Hay una escena de Skins, de la temporada cuatro, dónde están Freddie y Effy en un parque, acostados en el pasto y Effy empieza a decirle que ella era capaz de combartirlos antes, pero ahora no puede, que llegó él y ahora no puede. Que él la hace débil (and I can't fight them) (I use to be able when I was strong but...) (you've made me weak)

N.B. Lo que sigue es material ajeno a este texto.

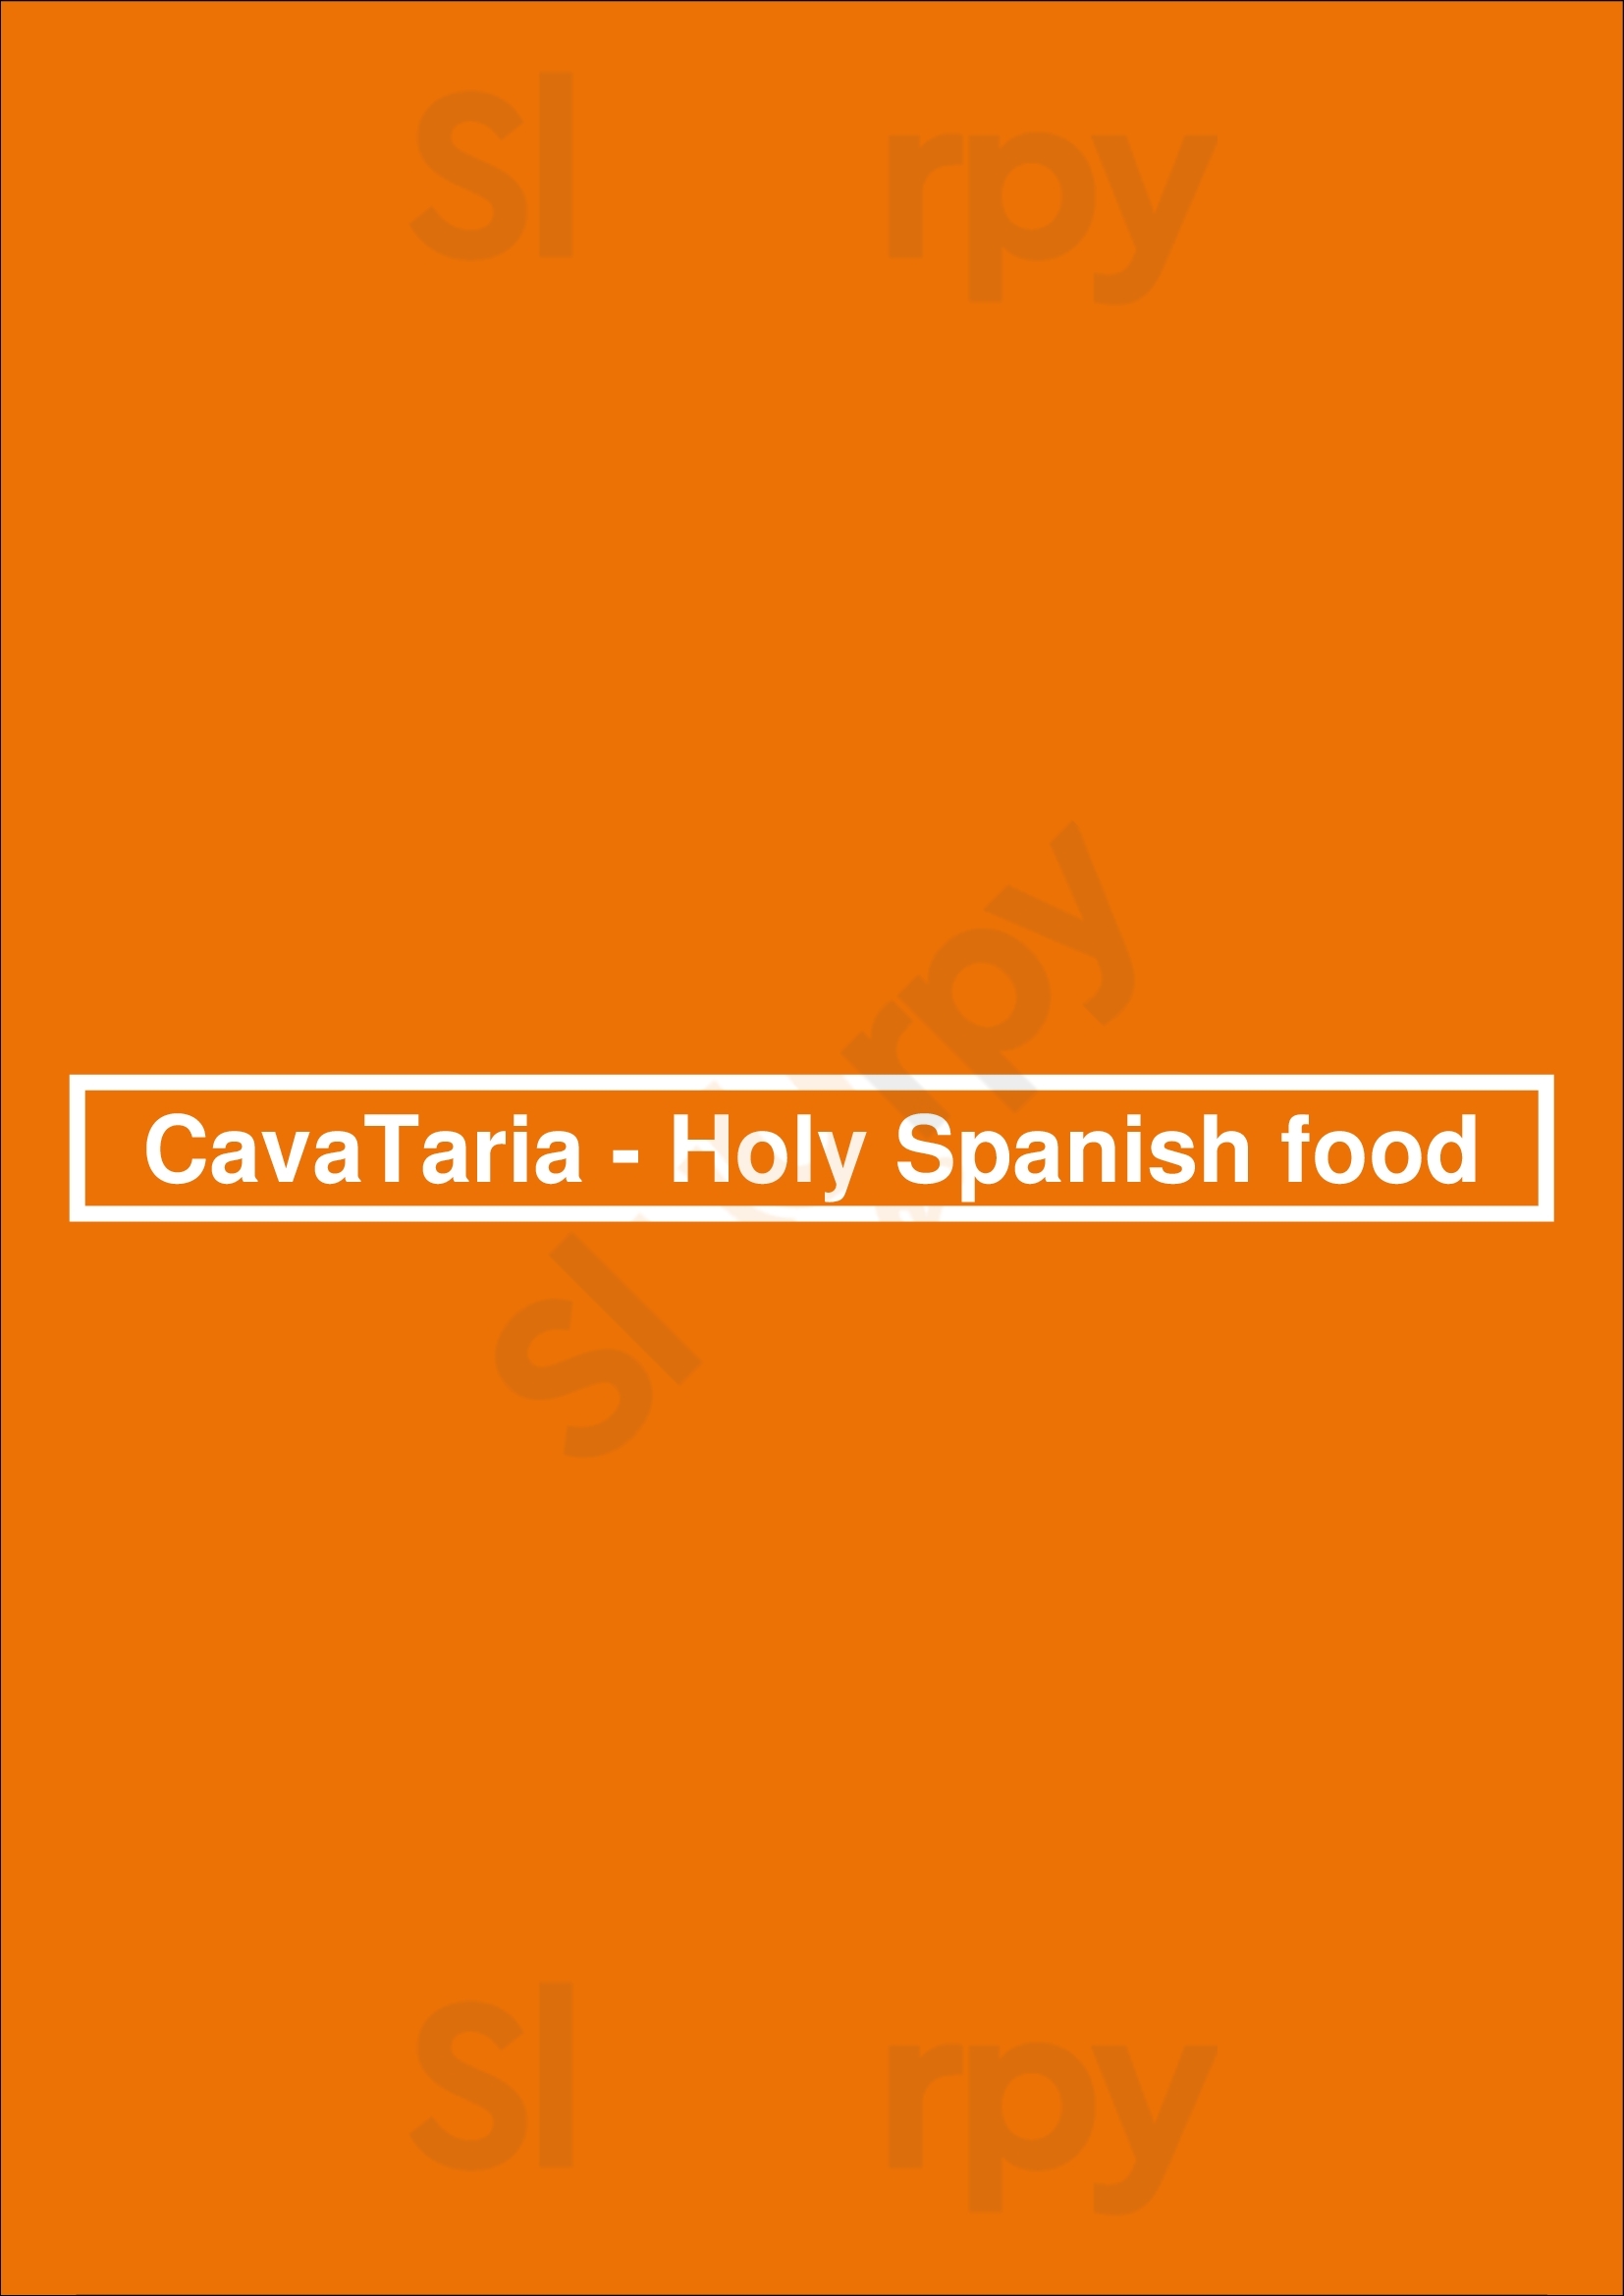 Cavataria - Holy Spanish Food Amsterdam Menu - 1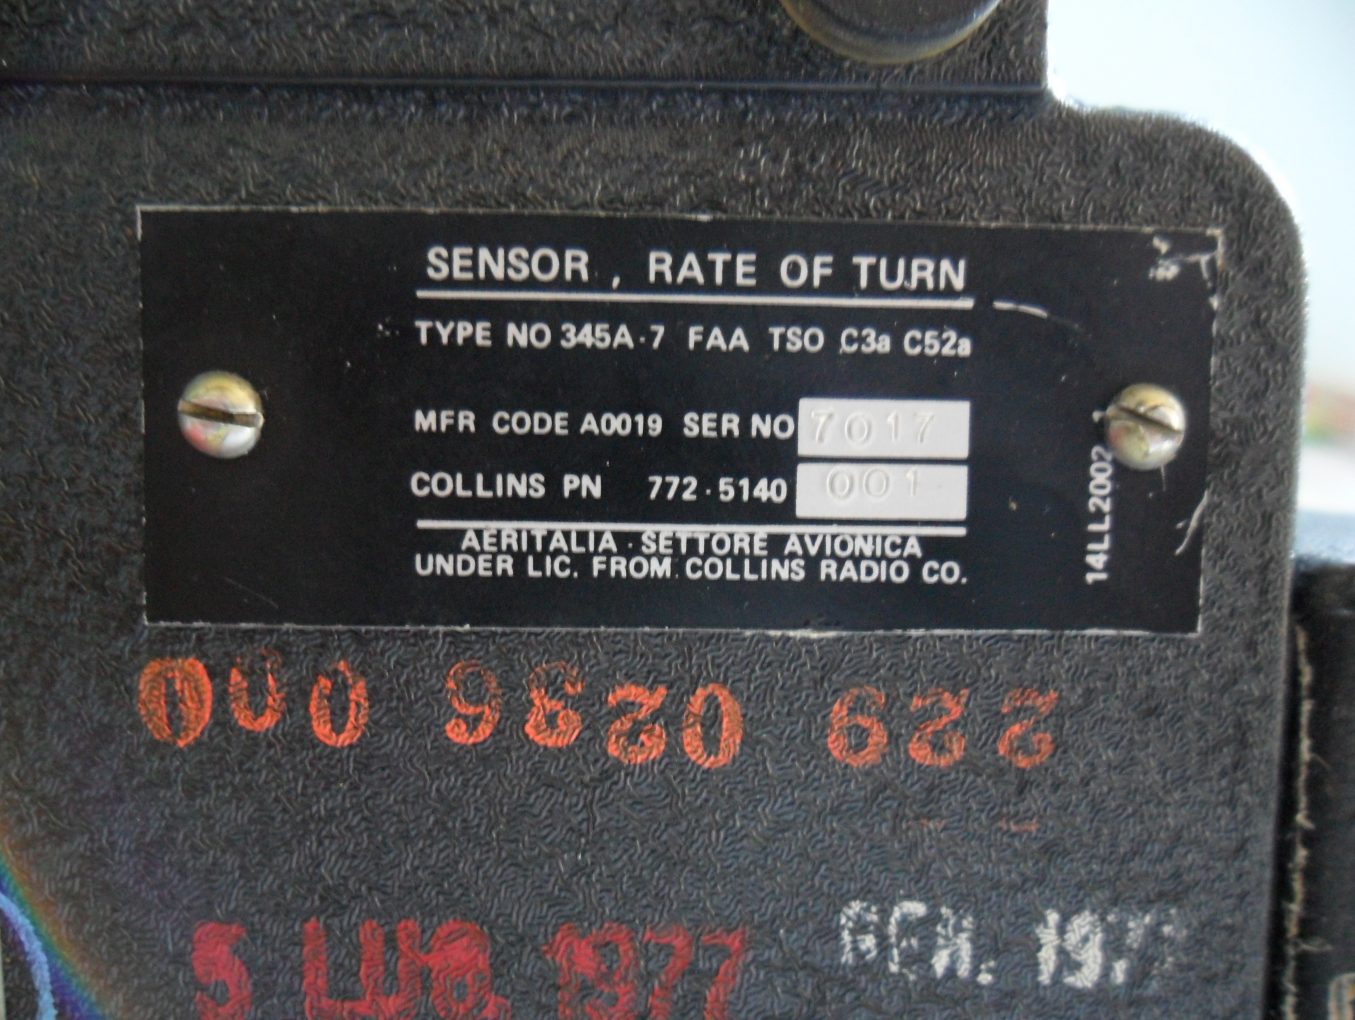 TURN RATE SENSOR – Avioelectronics Company

Lo asustada que está Effy, lo mal que está, te destroza. Te destroza el ver a Freddie desesperarse por no saber cómo ayudarla (Effy, listen, what you want me to do?), porque no quiere repetir la historia, porque se muere un poco cuando la ve a Effy retorcerse debajo de él intentando escapar de algo. De algo que ni él ni nadie entiende.
Te rompe.
Y ella sigue (trey're coming! they're coming!) y él le dice que se quede ahí, que lo espere, que él lucha por ella.
(I'll fight them, I'll fucking fight them!)
(fuck off! fuck off, I'll kill you all!)
Y sale corriendo, y ella lo mira, desde donde está, y le cambia la cara, Freddie corre, aunque no sabe a donde está corriendo, y grita e intenta espantar cosas que no ve. Pero los ahuyenta, porque es Freddie, y siempre va a proteger a Effy. Siempre. Aunque le cueste la vida.
Effy se ríe, se ríe a carcajadas y el grito de él también se transforma en risa. Y es maravilloso porque, no entendes que acaba de pasar, pero te llenas de alegría porque alguien, por fin, está luchando por Effy.
Quiero que Freddie venga a espantar a mis demonios.